"Este es mi último concierto, el más importante, el que recordaré siempre", proclamó un Joaquín Sabina que, ahora sí, se va para siempre. Primero cantó Calle Melancolía con mensajes a Madrid y luego dijo: "Esta gira que empezó llamándose 'Hola y Adiós' ya solo se llama adiós. Me he colado en la memoria de varias generaciones. Sin vosotros, mis canciones no existirían".

El Movistar Arena, lleno hasta la última viga, despidió a un Joaquín Sabina con bombín blanco y luego marrón y luego chistera, como un mago que ha vivido para cantarlo. Y cuya voz ronca trataban de silenciar los aplausos casi incesantes, apabullantes.

En el foso, todos sus amigos, Ana Belén, Víctor Manuel, Benjamín Prado, David Trueba... Amigos que no dieron la sorpresa de cantar con él, que estaban como público escogido. Y en las gradas, miles de devotos, de peregrinos de sus temas, de sus poesías cosechadas a lo largo de más de 40 años de escenarios, whiskies, cigarros, caídas y resurrecciones.

No negó nada Sabina, ni la verdad, en su noche de despedida, una página de la historia tanto como de la música. Cantaba el maestro mientras pasaban por detrás las fotos de su vida, de otros Joaquines más jóvenes, rebeldes, tirados, saludables que el de ahora, pero no más artistas.

Sabina ya apenas canta de pie. Sentado en su trono, en su banqueta, no necesita hacerlo porque ya está de pie el público, la otra alma de Joaquín Sabina. "Ahora que tengo un alma que no tenía", tronaba la concurrencia con él.

"Es muy emocionante y conmovedor que haya venido tanto amigo.
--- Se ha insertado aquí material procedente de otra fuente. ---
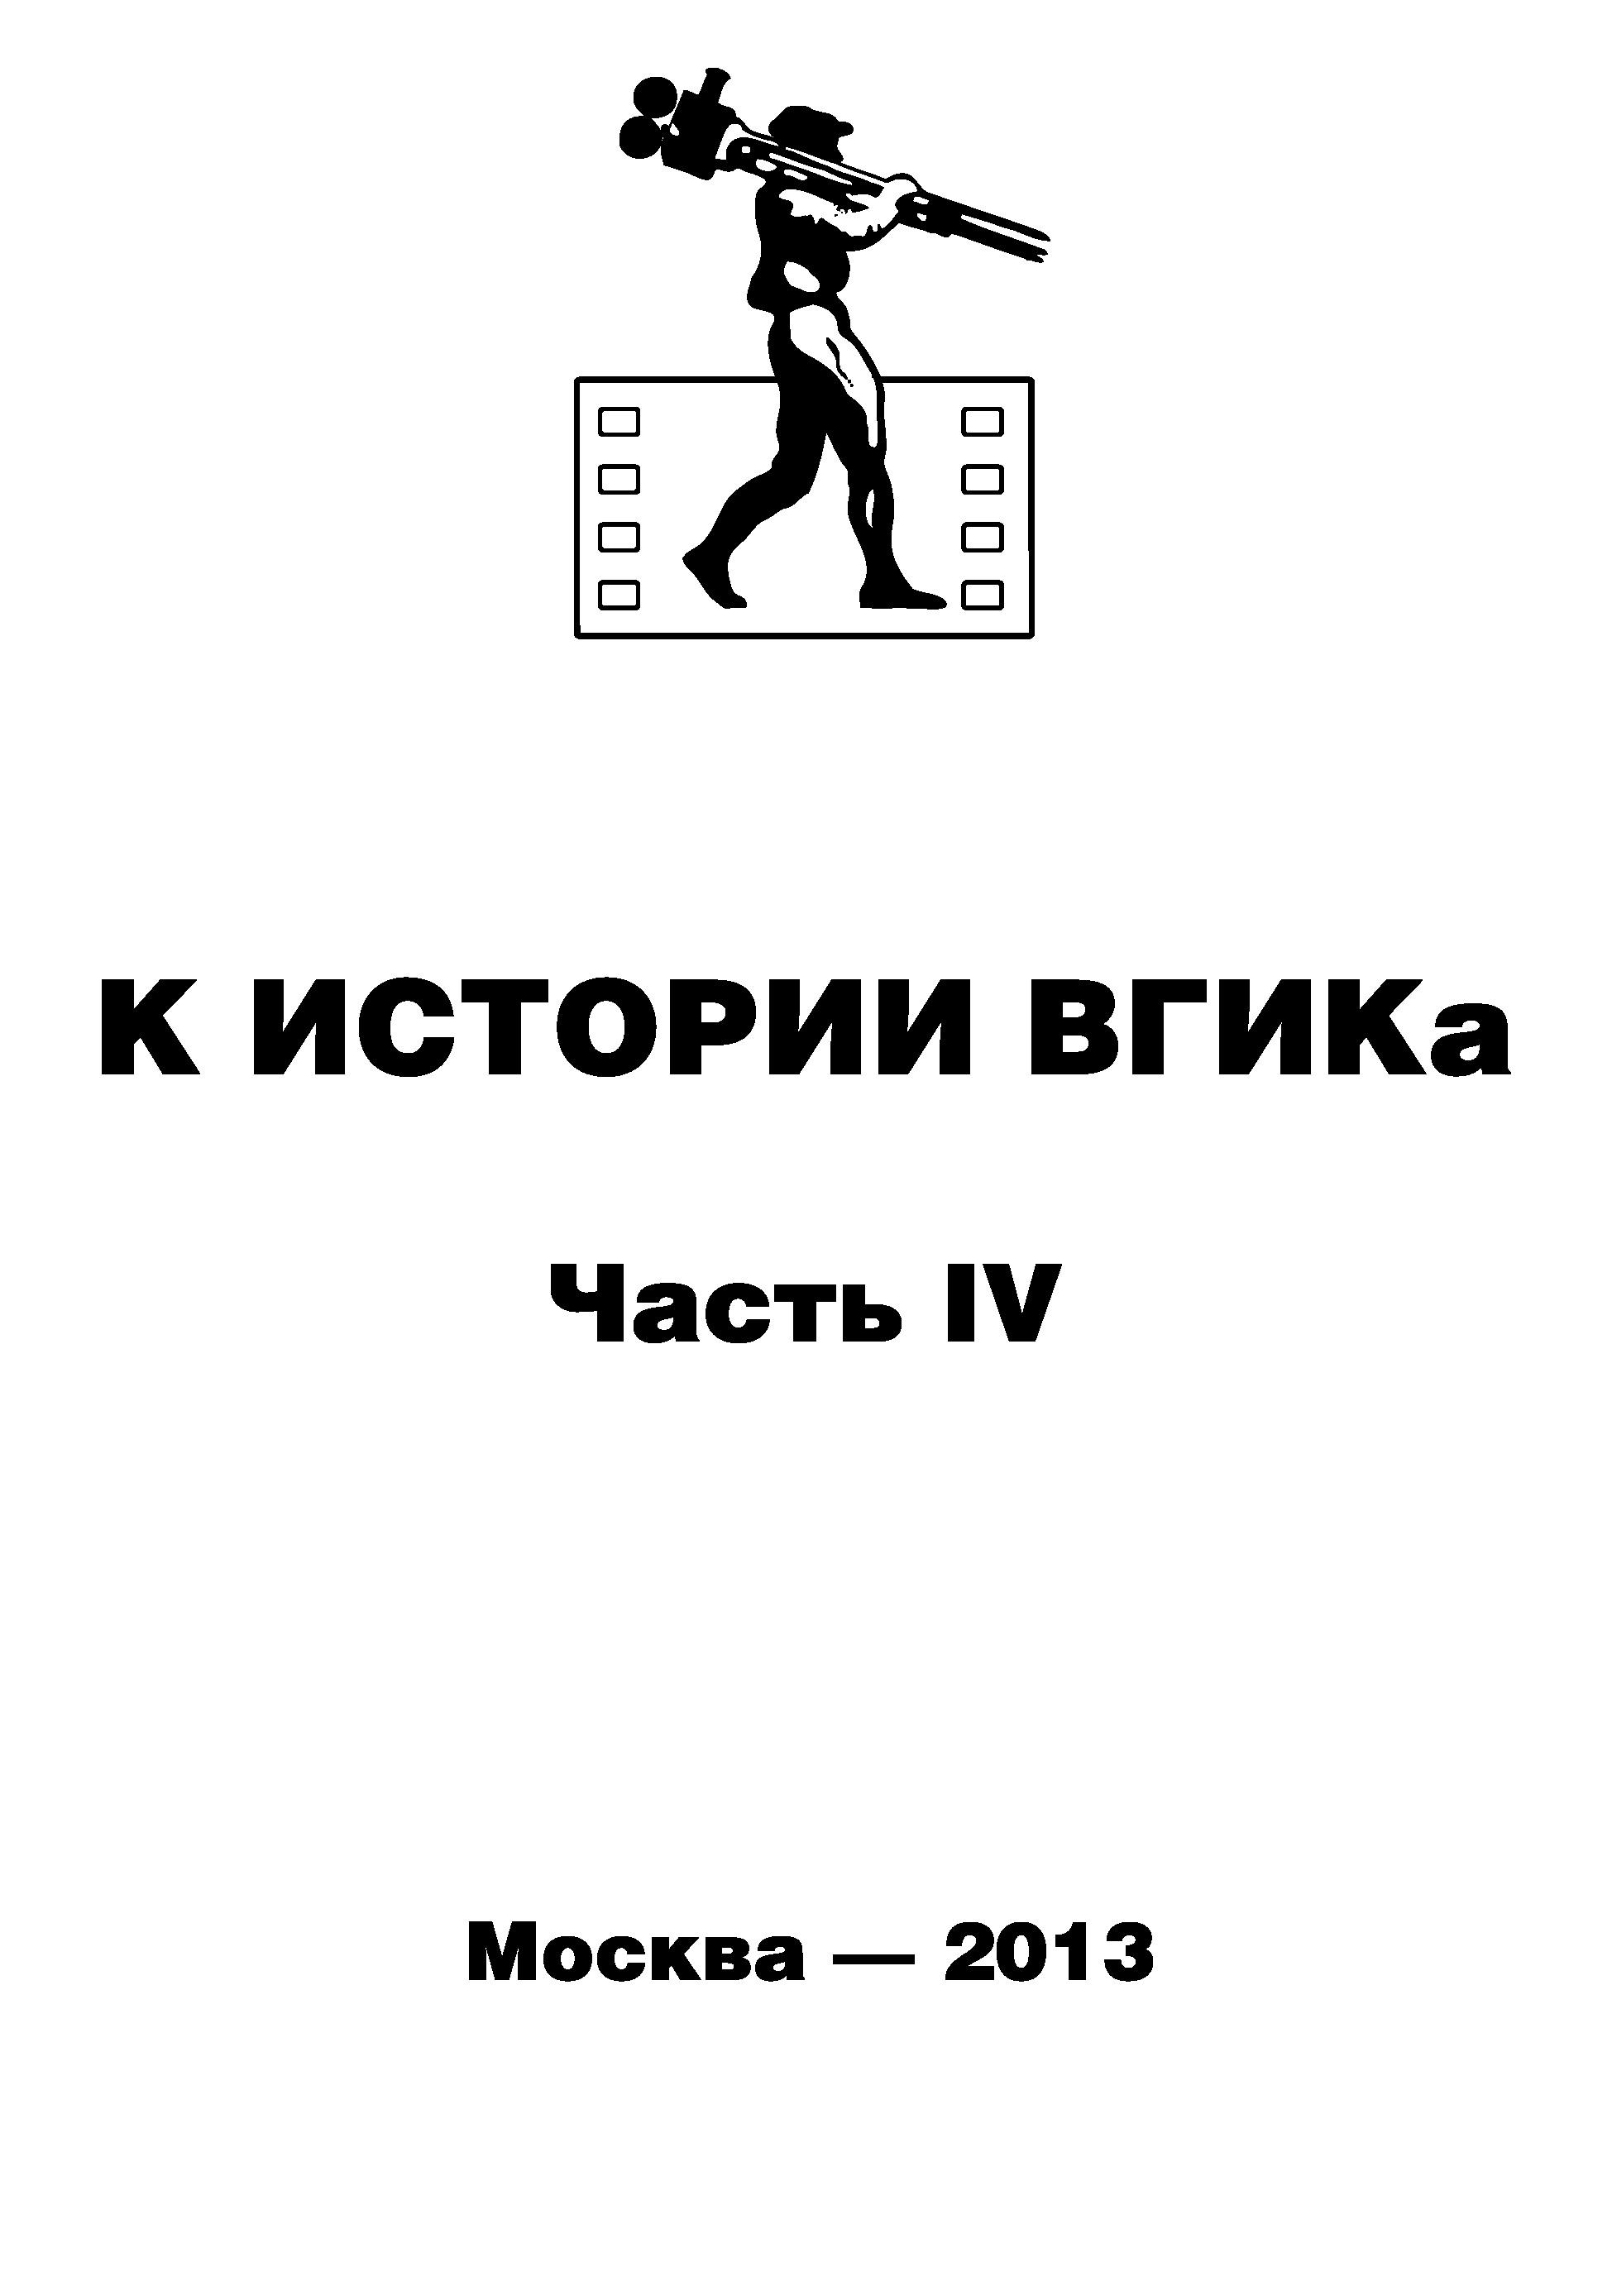 К истории ВГИКа. Книга IV. (1956-1965). Документы. Пресса. Воспоминания. Интервью

Este concierto de Madrid es el último de mi vida. Es el más importante", dijo en sus intervenciones.

Y se puso a buscar en el baúl de las canciones oxidadas, como la segunda que escribió hace más de 40 años.

Decir que entonó sus canciones más conocidas es como decir que cantó todo su repertorio. 19 días y 500 noches no la canto él, sino 12.000 almas con la lengua muy larga y la falda muy corta.

Un Sabina que competía en el escenario con fotos de otro más lustroso y de densa melena llamado igual tuvo momentos de emoción. Está claro que nadie le ha robado el mes de noviembre, el de su epitafio musical.

Más de cien palabras, más de cien motivos, más de cien mentiras contó y cantó Sabina. Porque vale la pena. Hizo un soneto cuando presentó a sus músicos, su otra familia. En rima, como un buen trovador, que es lo que esconde este Sabina que se marcha.

Insolencia, resaca, cocaína, tango, puta, malas compañías, luna, primavera, poeta... Un vocabulario que ha convertido en lenguaje, en un timón de tanto timonel, de tantos corazones cinco estrellas.

Sabina paseó con sus seguidores por el boulevard de los sueños rotos. Por Chavela Vargas, dijo, y casi lloro. La parte mexicana desgranó su latido más ranchero y popular. Nos dijimos adiós, ojalá volvamos a vernos.

Podría haber sido un buen final. Pero la cosa fue a más. Casi nos dan las 3. Y las 10, y las 11, y las 12, y la 1 y las 2. Hasta que nos encontró la luna sobre Madrid. Esto acabó cuando Sabina se quitó el último bombín y se inclinó ante el respetable.

No se sabe si ha escrito la canción más hermosa del mundo, aunque hoy todos creen que sí, y la más tramposa y la más triste y la más inmortal. Este domingo 30 de noviembre todos han sido amantes, novios, amigos, cómplices. El amor cuando no duele mata. Amores que matan nunca mueren. El de su público seguirá entero como una luna llena.

Tan joven y tan viejo. Joaquín Sabina.